Unfortunately, in many other ways, the Ceton Echo just isn’t quite ready for mass consumption. While the hardware is solid, the software seems very much still in development. Firmware updates are rolling out fast and furious to fix bugs like 1080i video incompatibilities (that’s a doozy, especially if you use WMC as a DVR), incorrect black levels (currently in beta testing), and implementing features like turning off the illuminated logo. These issues really should have been ironed out before going public with the device, though.

The included remote is serviceable, but the lack of labels on the buttons and the small size make it tough to use in the dark. Much less easy to lose, and easier to use, to boot, is Ceton’s Companion app, which not only allows you to manage your entire Windows Media network, but gives you an onboard remote control that you can flip between devices at will.
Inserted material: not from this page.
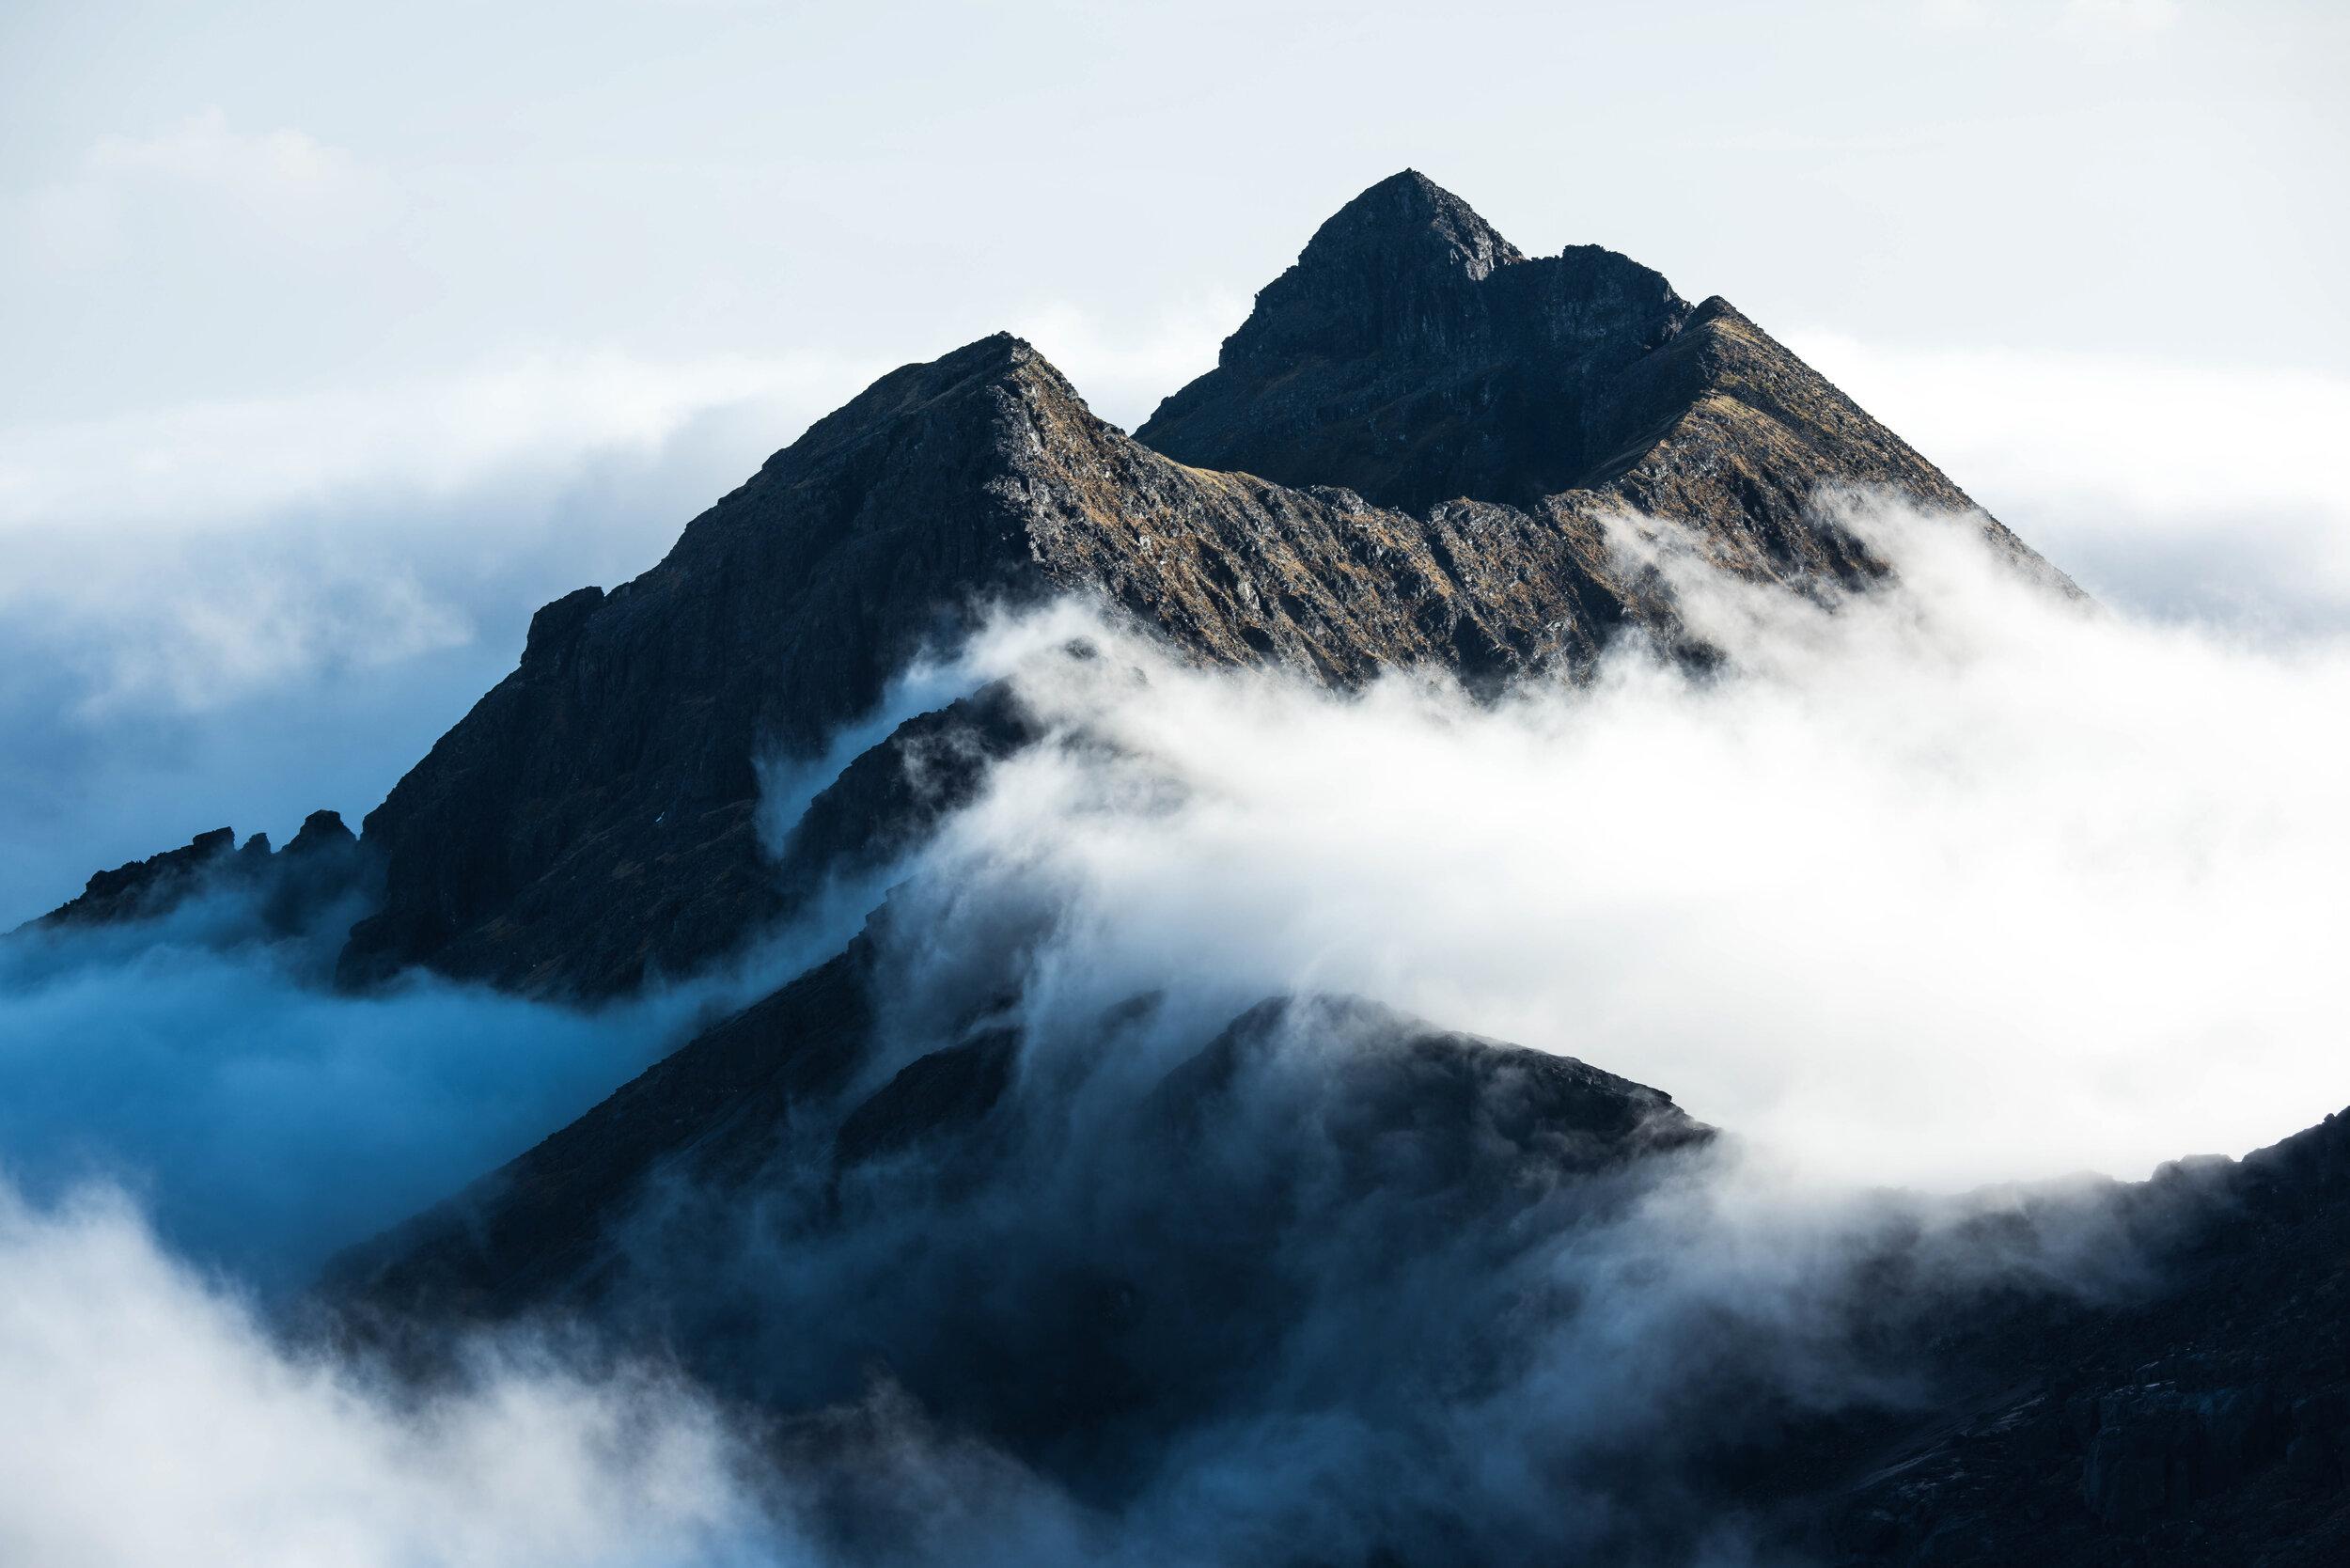 Cloud rolls over Sgurr Alisdair on Skye
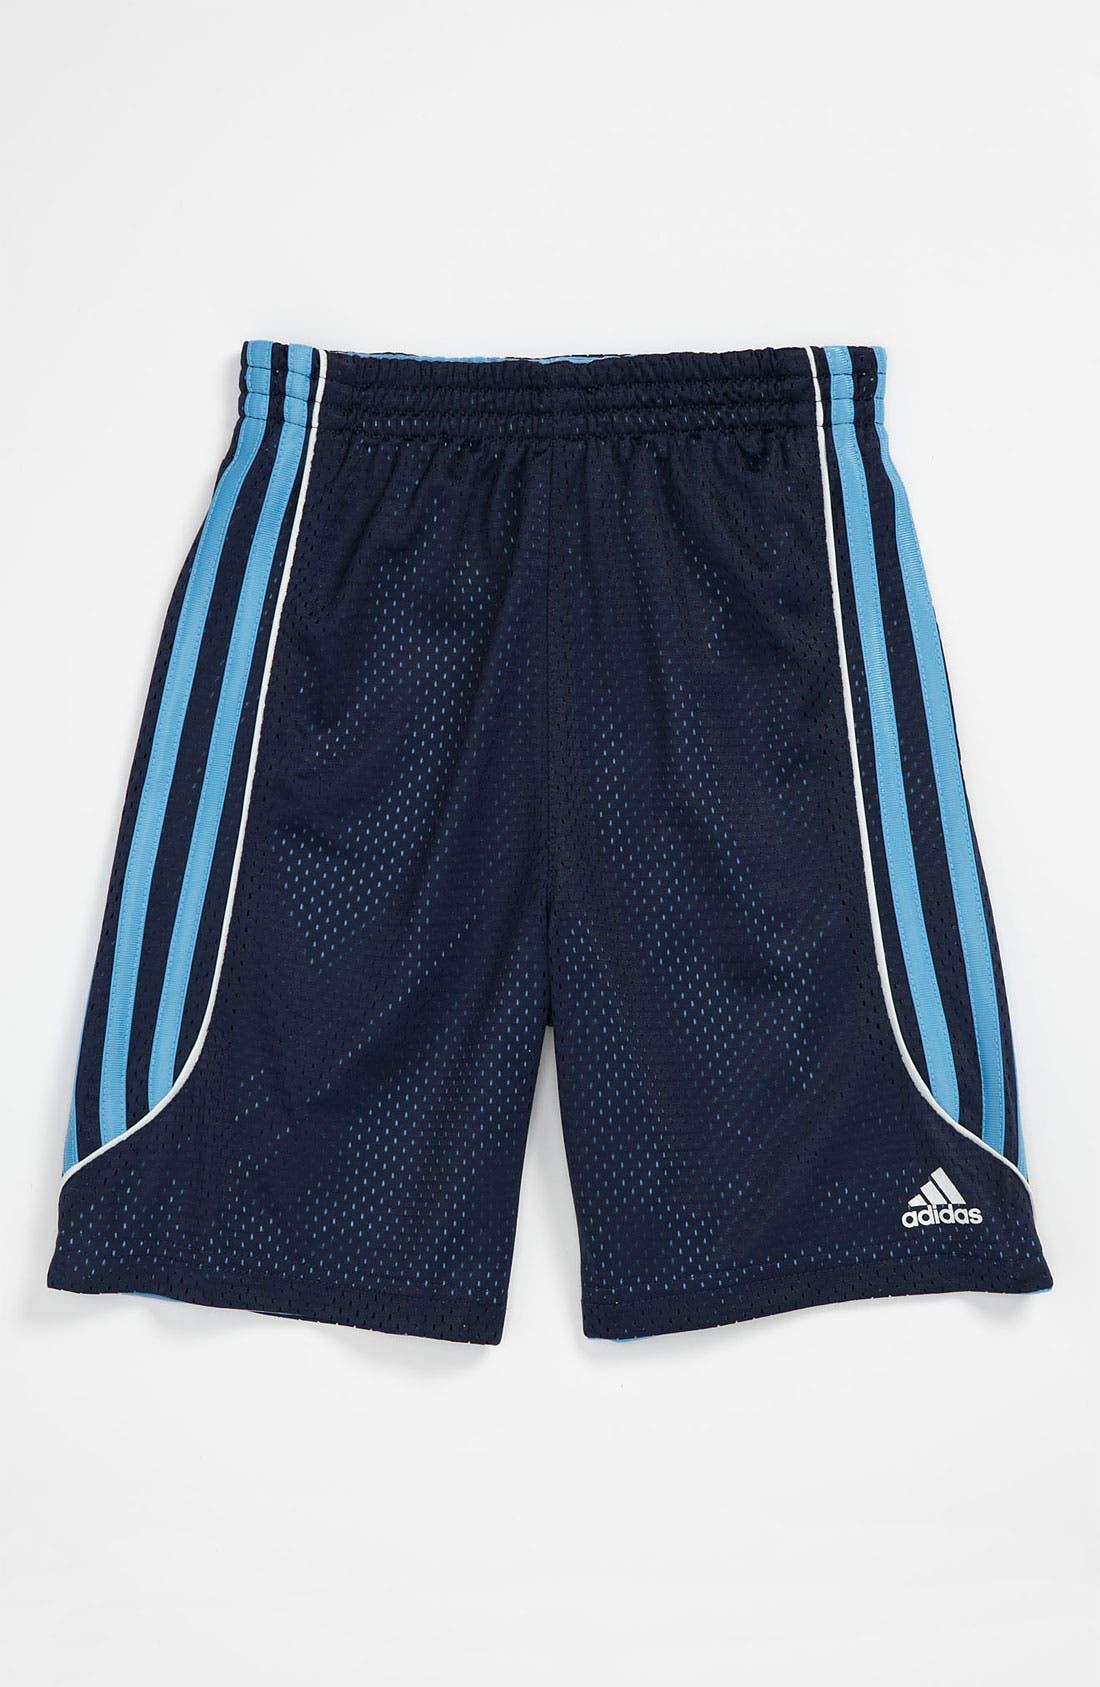 Main Image - adidas 'Flip Side' Reversible Shorts (Little Boys)

The biggest potential in the Echo lies in the upcoming ability to run Android applications on the box, which should allow access to the usual suite of streaming apps, Ultraviolet support, and custom applications to be written for the box. Once the firmware issues are ironed out, and Android support enabled, the Echo has the potential be a pretty amazing little box. As it stands, the Echo is a bit on the expensive side at $179, but is a capable, efficient Windows Media Extender, that has a lot of potential it just isn’t using yet.

Special Note: If you’re not sure about it, Ceton has a special offer to try to make up for their growing pains. They’re sure enough that they’ll be in good shape soon that they’ve instituted a 90 day full refund policy if you’re not satisfied, and a warranty extension to 2 years if you are. That gives beta testers and pre-orderers until the end of February to make final decisions.